ATLANTA, GA--Should convicted killer Troy Davis get a new trial? The decision now lies in the hands of the Georgia Supreme Court.
Today, five justices listened to the defense and the prosecution. Does new evidence and multiple witness recantations warrant a new trial? Both sides presented their arguments. Now, the wait is on.
Waiting is nothing new for the two families involved. The family of Mark MacPhail, the Savannah police officer a jury convicted Davis of killing back in 1989, has been waiting for justice and Davis's death sentence to be served. Troy Davis's family has been trying to save their loved one's life.
The Georgia Supreme Court has three to six months to go over today's hearing and paperwork. Those deliberations are the result of what turned out to be a brief appeal hearing.
18 years comes down to 40 minutes for all involved. "It is scary to have only 20 to 30 minutes to argue for someone's life," Martina Correia, Davis's sister, told WTOC.
"This isn't just a case of mistaken identity. It's a case of reasonable doubt," defense attorney Jason Ewart told the court.
Ewart had the job of convincing the Supreme Court Troy Davis deserves a new trial. He told justices there has been no other case in Georgia like the Troy Davis case, where so many witnesses have recanted their testimony years after apparently lying under oath.
"Recantations do matter if they undermine the confidence in the verdict," he said.
"For months we have been subject to a drum beat of one sided ideology masquerading as expertise in Georgia's law," Chatham County district attorney Spencer Lawton told the court room.
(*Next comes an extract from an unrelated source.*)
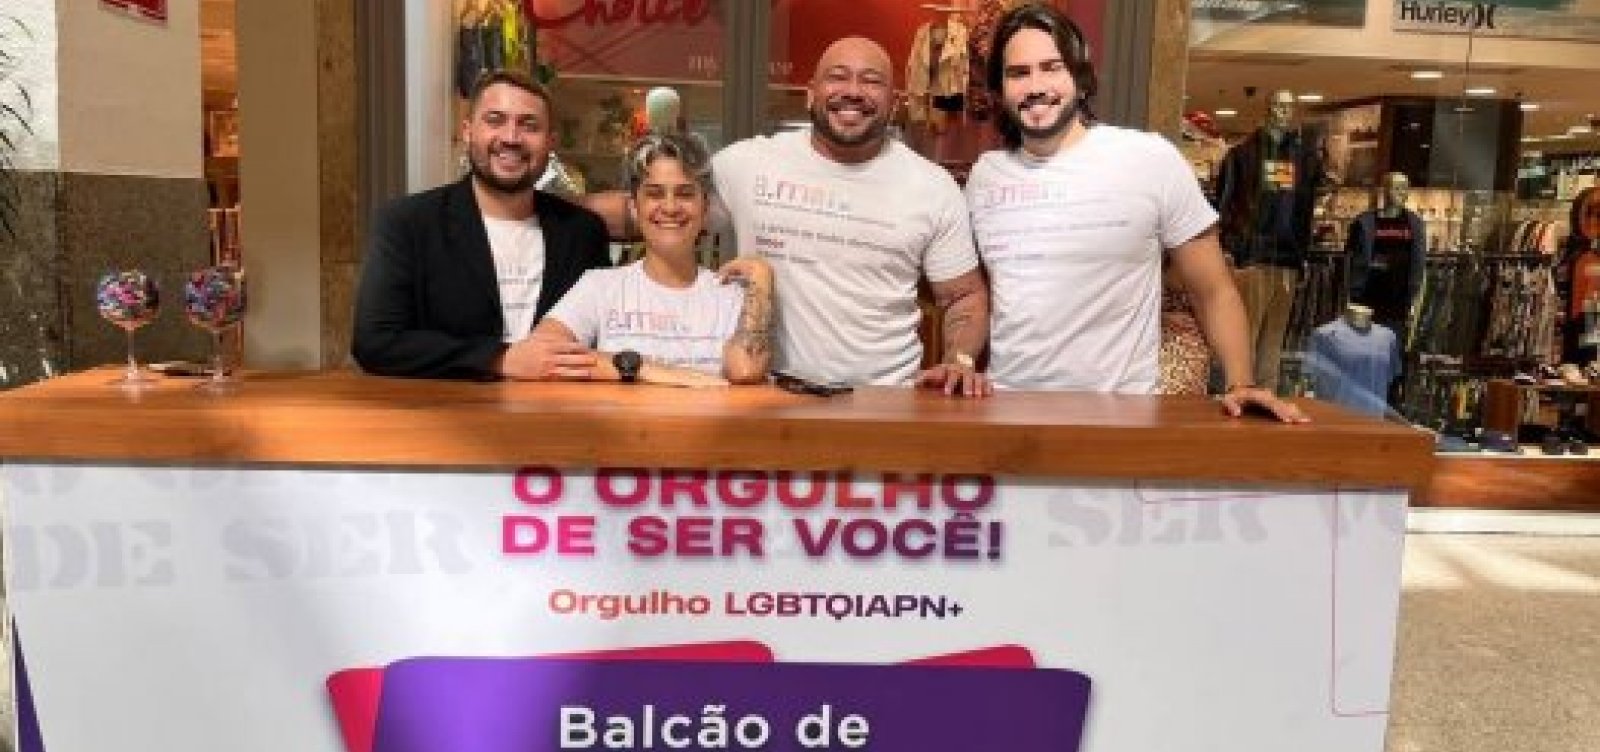 OAB e MP da Bahia oferecem assistência jurídica e retificação de registro civil para LGBT+

Lawton and assistant DA David Locke attacked the defense's use of the media and questioned the credibility of the witness recantations. They stand by the 1991 verdict and Troy Davis's death sentence, and called out groups like Amnesty International and other organizations they think have clouded the case.
"This not so helpful advocacy and might even say pressure, has ranged all the way from the Vatican through Amnesty International and of all places, the editorial room at the Atlanta Journal and Constitution," Lawton said.
Lawton says they may have lost the media battle, but maintained, justice was served.
"Left to them collectively, a man convicted by a jury for murdering a police man would go free, a jury would be trivialized, and an innocent man would be condemned on far less evidence than convicted Troy Davis," Lawton said.
While the Supreme Court weighs both arguments, Correia thinks she has good news for her brother.
"I think I can tell him that somebody is listening and that's all we ever wanted was someone to listen," she said.
A couple of other important notes about today's hearing. First, there are seven Supreme Court justices, but only five were present to hear the appeal. They listened to 40 minutes of arguments, but they also have a lot of paperwork to go over these next few months before they make a decision.
Members of both Troy Davis's family and Mark MacPhail's family and friends were in court today for the appeal hearing.